Food Network Challenge is a competitive cooking television series that aired on the Food Network. In each episode, professional chefs vie in a timed competition in their professional specialty. The winner receives a cheque for $10,000 and a gold medal. The first run of the series started in 2005 as a number of specials, before becoming a regular series that launched in 2007 and ended in 2011.

On November 18, 2019, it was announced that the show would resume, with a premiere on December 23, 2019. Ian Ziering will be the new host.

Format
The competitions are judged by specialists in their culinary fields, dependent upon the particular 'challenge'. Contestants are given eight hours to complete a task and must adhere to the competition rules; for example, edible art cake competitions often require that a cake reaches a minimum height, exhibits a certain theme, and is able to be moved to a judging table without falling over. After eight hours, the host stops all activity by saying "Competitors, stop your work!".

Episodes are shot in front of a live audience, usually at tourist attractions such as the Mall of America or Disney World. Depending on the discipline and scope of the competition, the number of competitors can range from two to hundreds. Occasionally, regional competitions are held to determine who the competitors are to be each week. Some of the events are also held as world championships or as 'invitationals'.

The winner usually receives a check for $10,000 and a gold medal. In competitions featuring five or more competitors, silver and bronze medals are also sometimes awarded, though they have no cash prize.

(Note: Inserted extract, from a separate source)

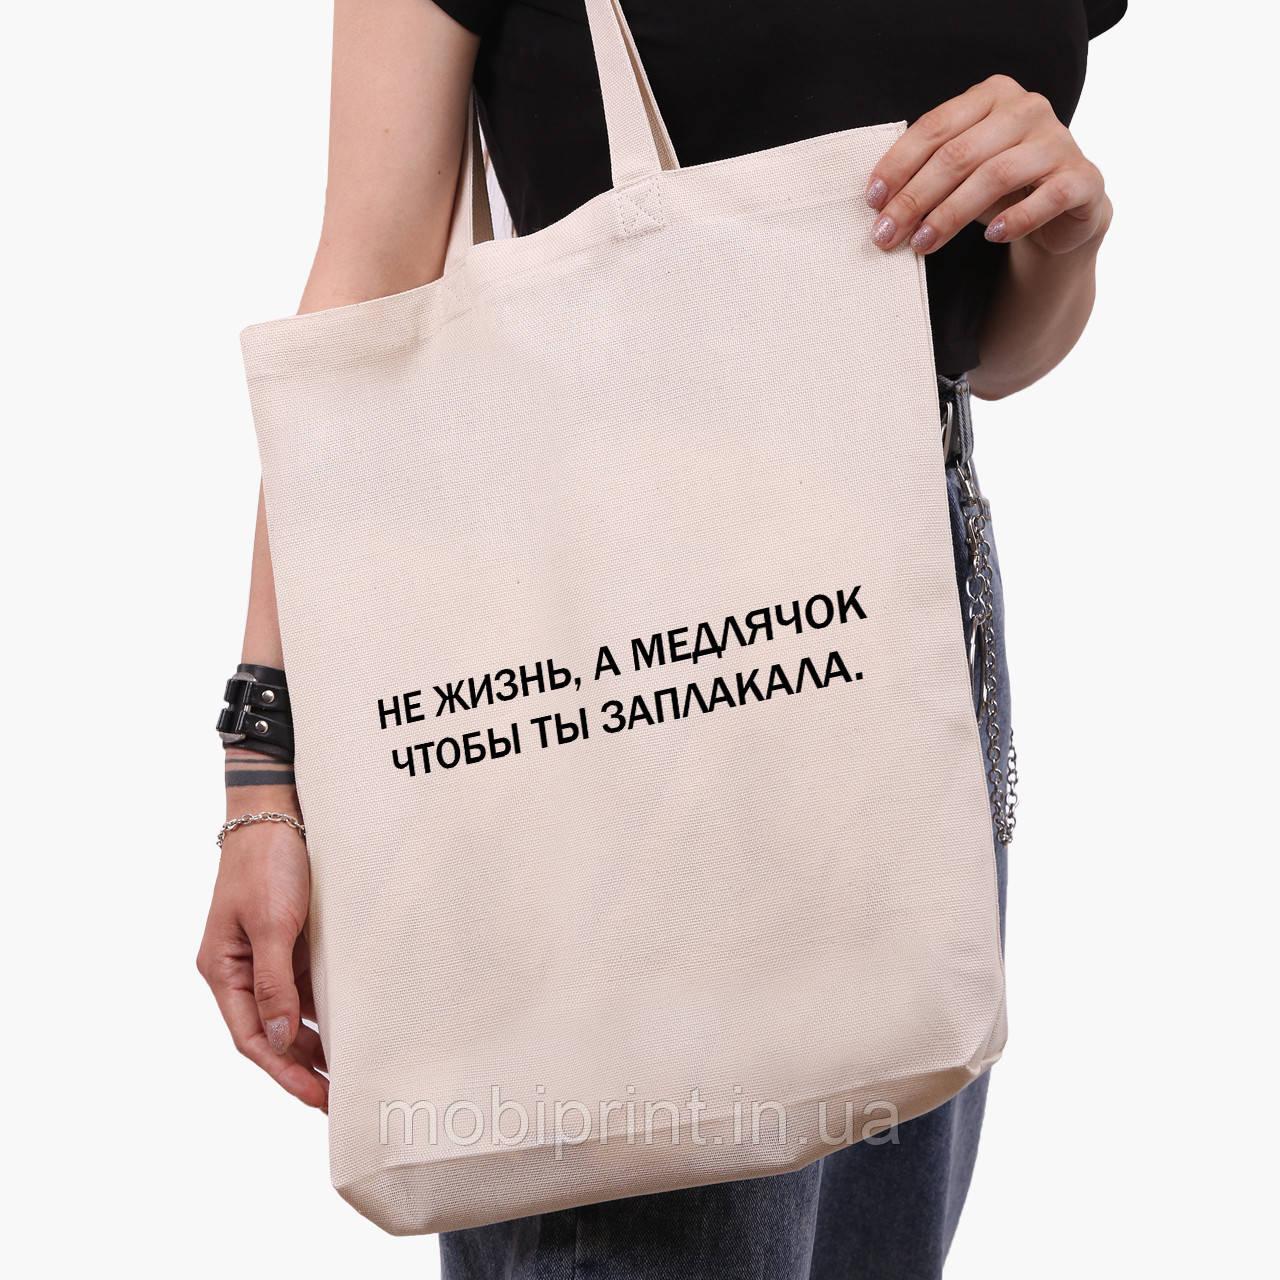 Еко сумка шоппер біла Медлячок (Slow dance) (9227-1785-1) экосумка шопер 41*39*8 см

In 2009, the show debuted its first elimination-style competition called Last Cake Standing. In this format, six cake designers competed for a prize of $50,000.

In April 2010, original host Keegan Gerhard was promoted to judge alongside Kerry Vincent, and was replaced as host by Claire Robinson. The way in which the results were read also changed for most of, but not all of the shows; where previously only the winner was announced, the newer format's results began with announcing the third- and fourth-place finishers, who were then asked to leave the stage before the victor was revealed.

Competitions
The competitions presented on the program covered a wide range of areas, from cake decorating to ice sculpting to teppanyaki to macaroni and cheese, with cakes being the most frequently-covered area.

Last Cake Standing
In April 2009, a special version of Challenge was launched called Last Cake Standing. This series began with six competitors, with an elimination at the end of each episode until only three competitors remained. The challenges in this series were often harder and longer and with more twists than those in the 'normal' series. The finale was the longest in challenge history, giving the last three remaining competitors — Courtney Clark, Mary Maher, and Bronwen Weber — 24 hours to design and create their cake for a set of sextuplets. Ultimately, Mary Maher was crowned champion, winning a $50,000 grand prize.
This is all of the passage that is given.